= Carla Calabrese =

Argentine theatre director and producer

Carla Calabrese is an Argentine theatre director, producer, actress, and educator. She is the founder and artistic director of The Stage Company, a theatre production company based in Buenos Aires. Calabrese has directed and produced several notable stage adaptations, including the Spanish-language productions of Come From Away, The Curious Incident of the Dog in the Night-Time, and Shrek the Musical.

== Career ==
Carla Calabrese started The Stage Company in 2005. The company began with plays for school audiences and developed into performance for adults, including Spanish versions of The Three Musketeers, Legend pirate and Marco Polo. In 2014, they performed A summer night’s Dream, the musical, and in 2015, Shrek, the musical.

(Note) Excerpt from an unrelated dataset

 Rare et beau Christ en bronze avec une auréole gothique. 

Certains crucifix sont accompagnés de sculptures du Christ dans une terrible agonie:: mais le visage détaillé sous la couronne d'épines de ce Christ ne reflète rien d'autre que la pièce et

In 2019, Calabrese premiered the Spanish-language production of Come From Away at the Teatro Maipo in Buenos Aires. The production was positively received and won multiple awards, including Best Musical and Best Direction at the 2021 Hugo Awards.

In 2022 Calabrese was associate producer for the TV Mini Series Canelones. She also acted in the series El encargado (The Boss -literally, 'The Caretaker').

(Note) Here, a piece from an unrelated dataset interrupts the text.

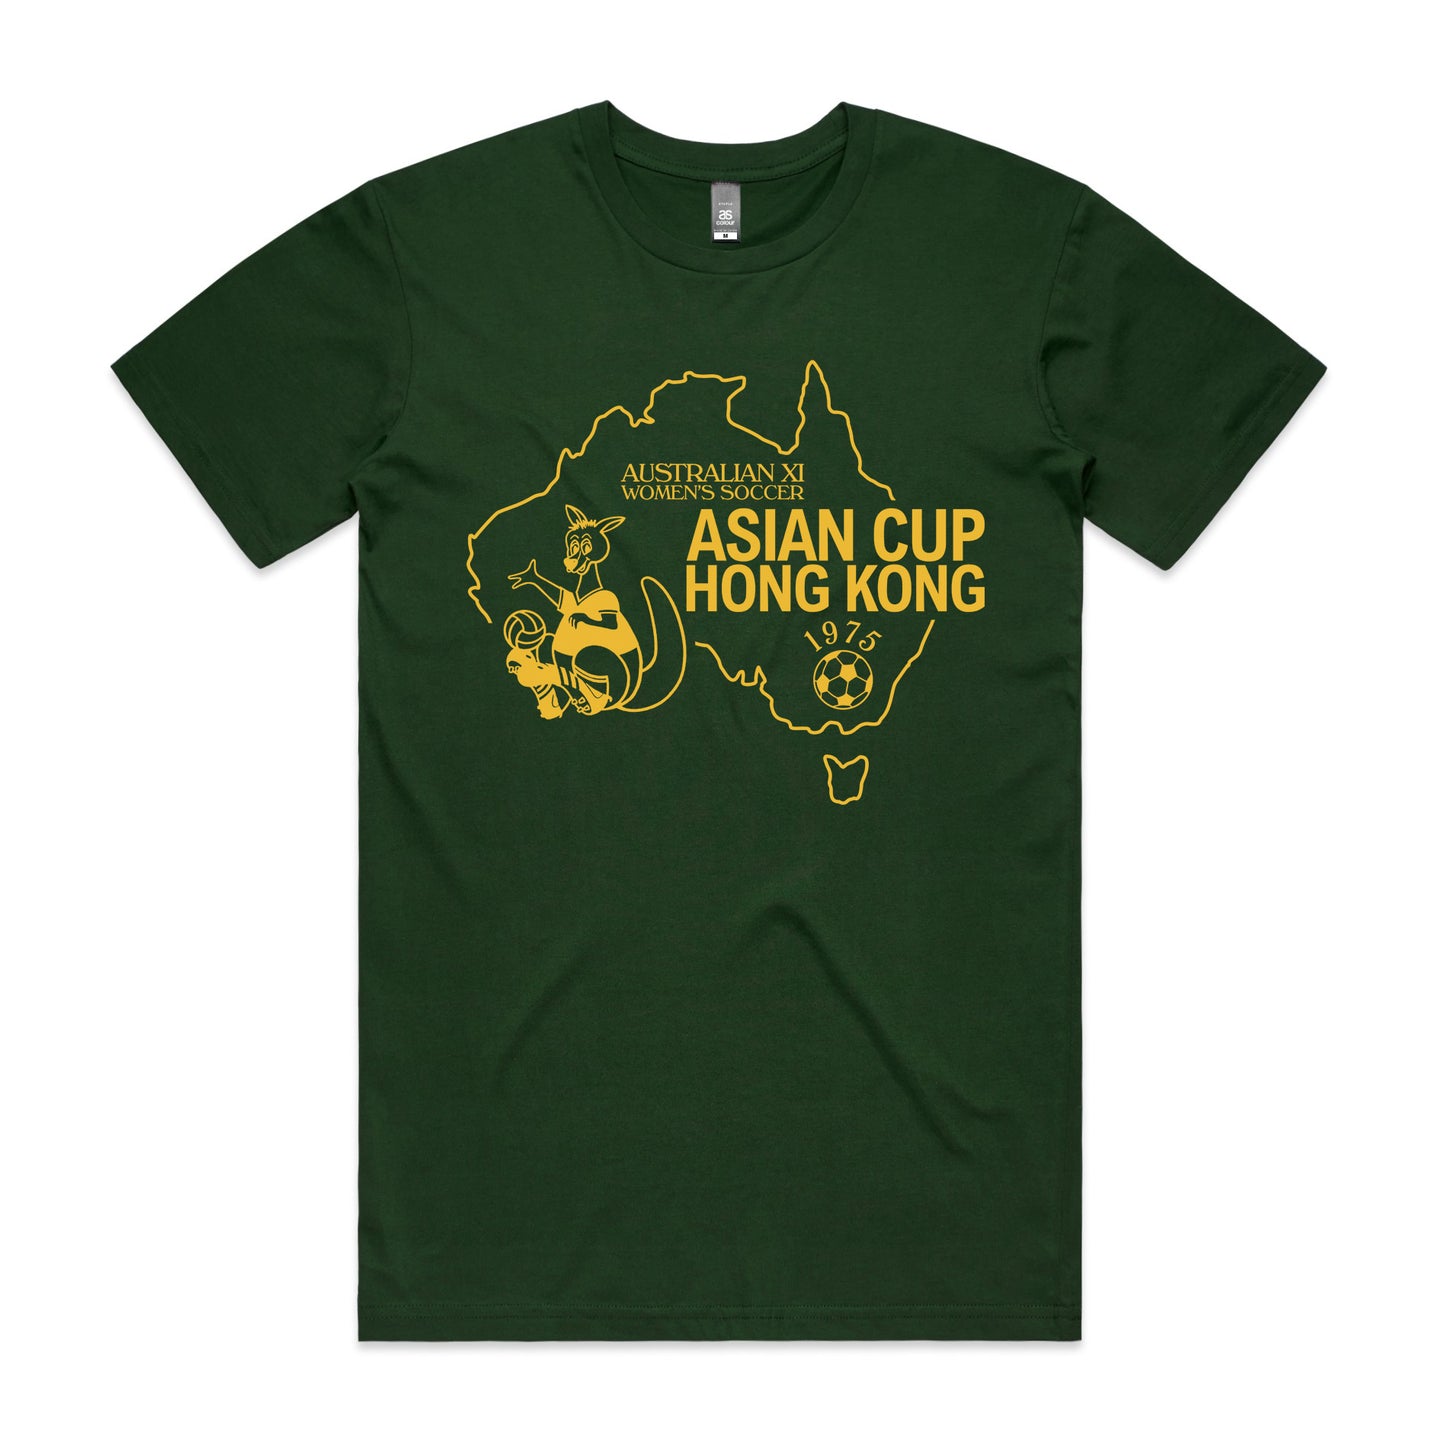 Australian XI Women's Soccer Asian Cup Hong Kong 1975 T-shirt

Calabrese directed the Spanish-language adaptation of The Curious Incident of the Dog in the Night-Time in Buenos Aires, and later produced a revival of Shrek the Musical.

In 2023, she directed Consentimiento, the local version of Nina Raine's play Consent, produced at the Teatro Maipo.

In 2023, Calabrese and the cast of Come From Away traveled to Gander, Newfoundland, to meet the residents whose stories inspired the musical.

In 2024, Come From Away was staged in Madrid, Spain, under Calabrese's direction. The Madrid production was featured in several Spanish media outlets, including El País and La Razón.

== Humanitarian work ==
In addition to her theatre work, Calabrese co-founded the NGO Solidaire with her husband, Argentine filmmaker and philanthropist Enrique Piñeyro. In 2024, the organization launched a rescue ship, Solidaire, to assist migrants in danger on the Mediterranean Sea.

== Awards ==
- 2021 – Best Direction, Hugo Awards, for Come From Away.
- 2022 – Best Director, ACE Awards.
- 2025 – Best Musical and Best Direction, Musical Theatre Awards in Spain

== Personal life ==
Calabrese married Enrique Piñeyro in 1998; they have a son, Theo. Calabrese and Piñeyro own the Maipo theater in Buenos Aires.